2.4.1 Developing Estimates and Projections
Standard 2.4.1: MDAs, LGAs and other stakeholders must use accepted theory and methods when deriving direct survey-based estimates, as well as model-based estimates and projections that use survey data. Error estimates must be calculated and disseminated to support assessment of the appropriateness of the uses of the estimates or projections. MDAs, LGAs and other stakeholders must plan and implement evaluations to assess the quality of the estimates and projections.

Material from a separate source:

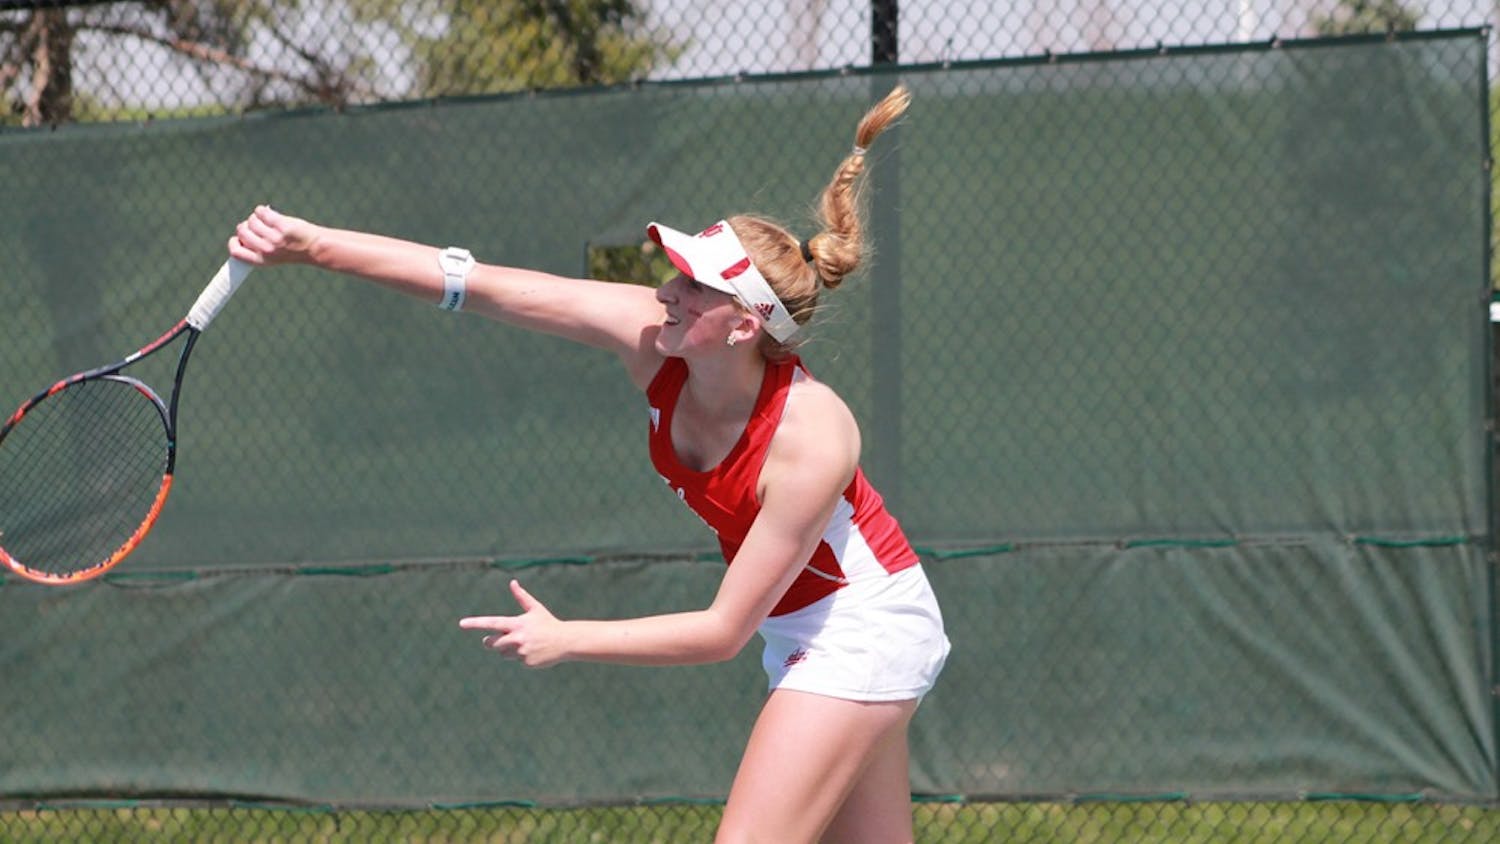 Senior Kim Schmider serves the ball in a singles match Sunday morning. IU took on Northwestern in their final home match of the season.
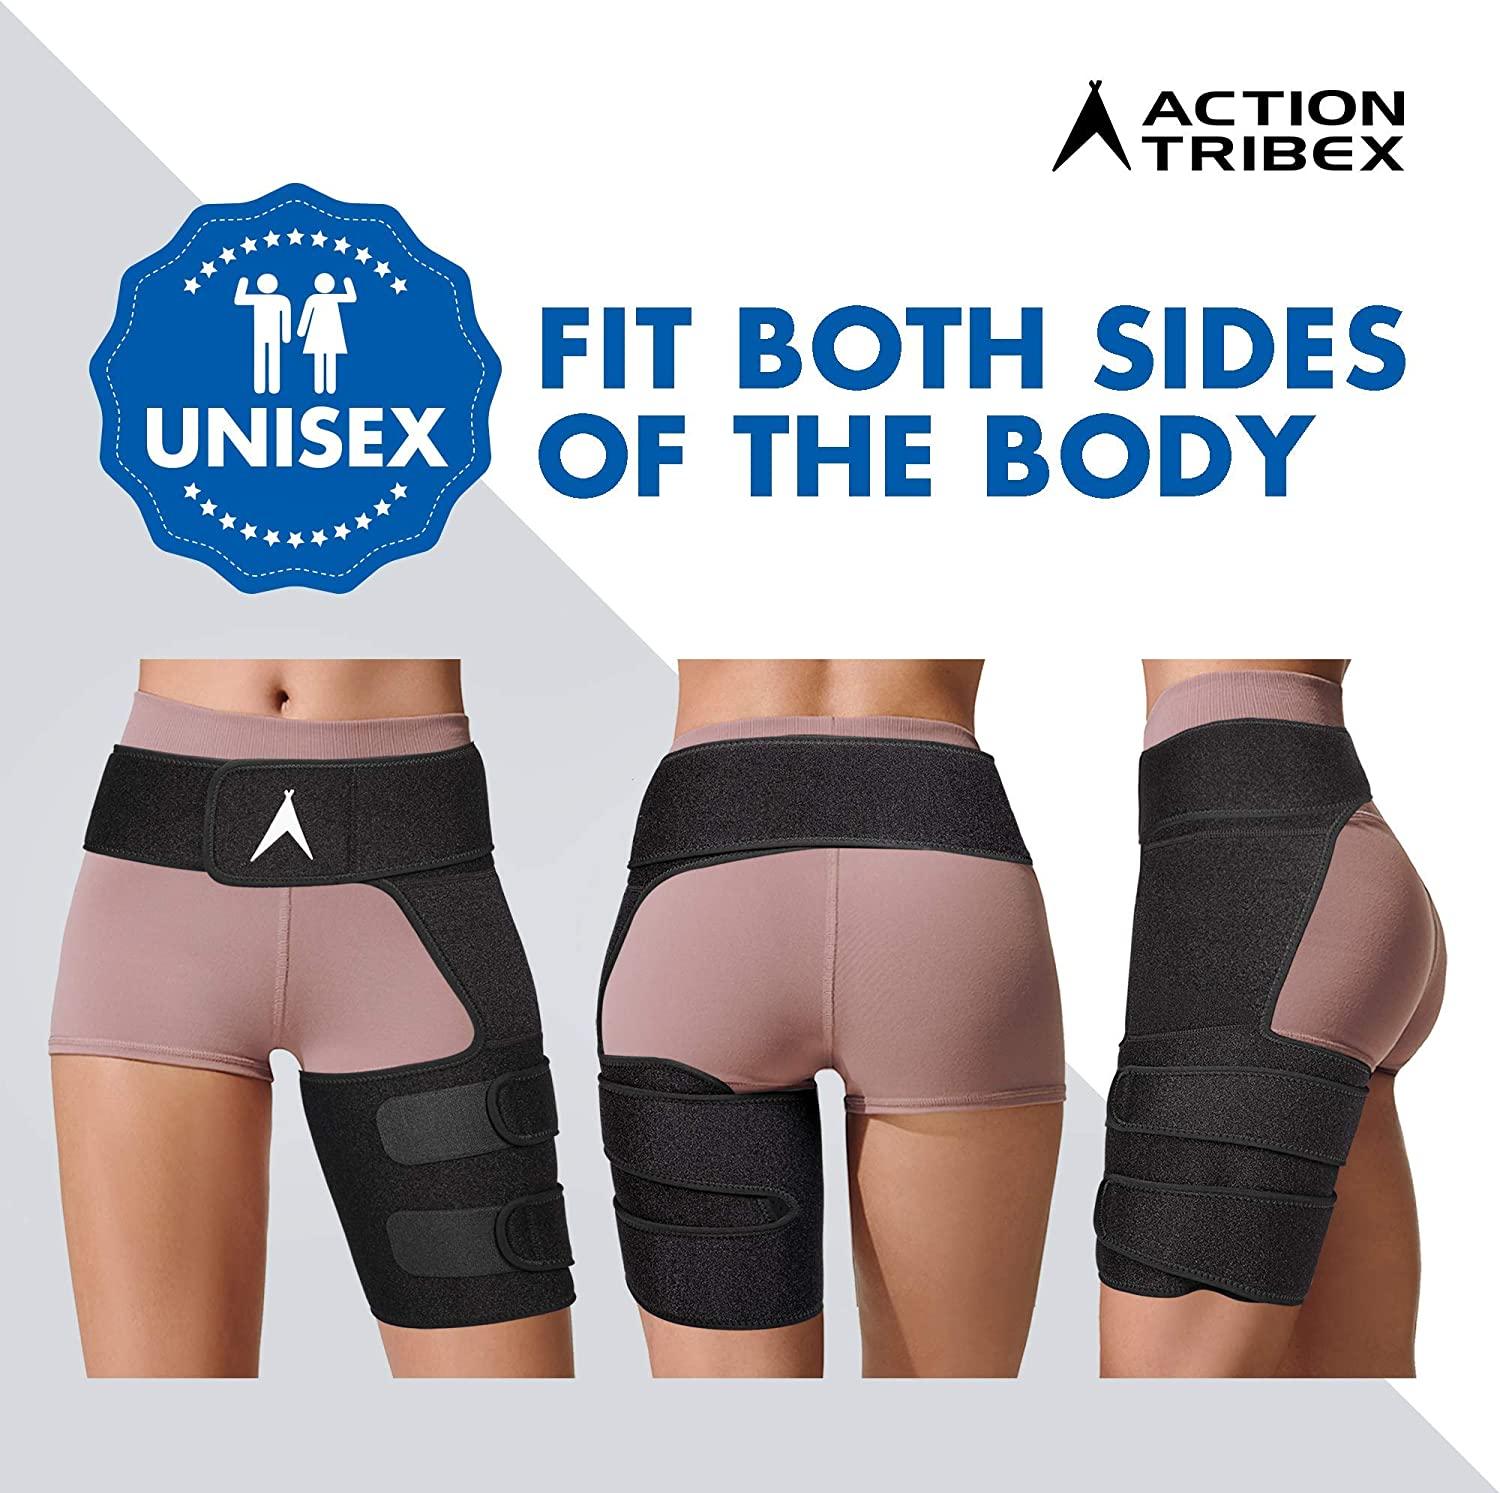 MarkWrap Hip Brace and Hip Support Belt for Support and Thigh

The guidelines for this standard are: Guideline 2.4.1.1: Develop direct survey estimates by employing sampling weights appropriate for the sample design to calculate population estimates. However, MDAs, LGAs and stakeholders may employ an alternative method (e.g., ratio estimators) to calculate population estimates if they have evaluated it and determined that it leads to acceptable results.

Guideline 2.4.1.2: Calculate variance estimates by a method appropriate to a survey’s sample design taking into account probabilities of selection, stratification, clustering, and the effects of non-response, post-stratification and ranking. The estimates must reflect any design effect resulting from a complex design.

Guideline 2.4.1.3: Document methods used to generate estimates and projections to help ensure objectivity, utility, transparency and reproducibility of the estimates and projections (For details on documentation, see 2.7.2). Also, archive data so the estimates/projections can be reproduced.

For population projections using e.g. exponential method or natural growth method compare advantages and disadvantages of each method.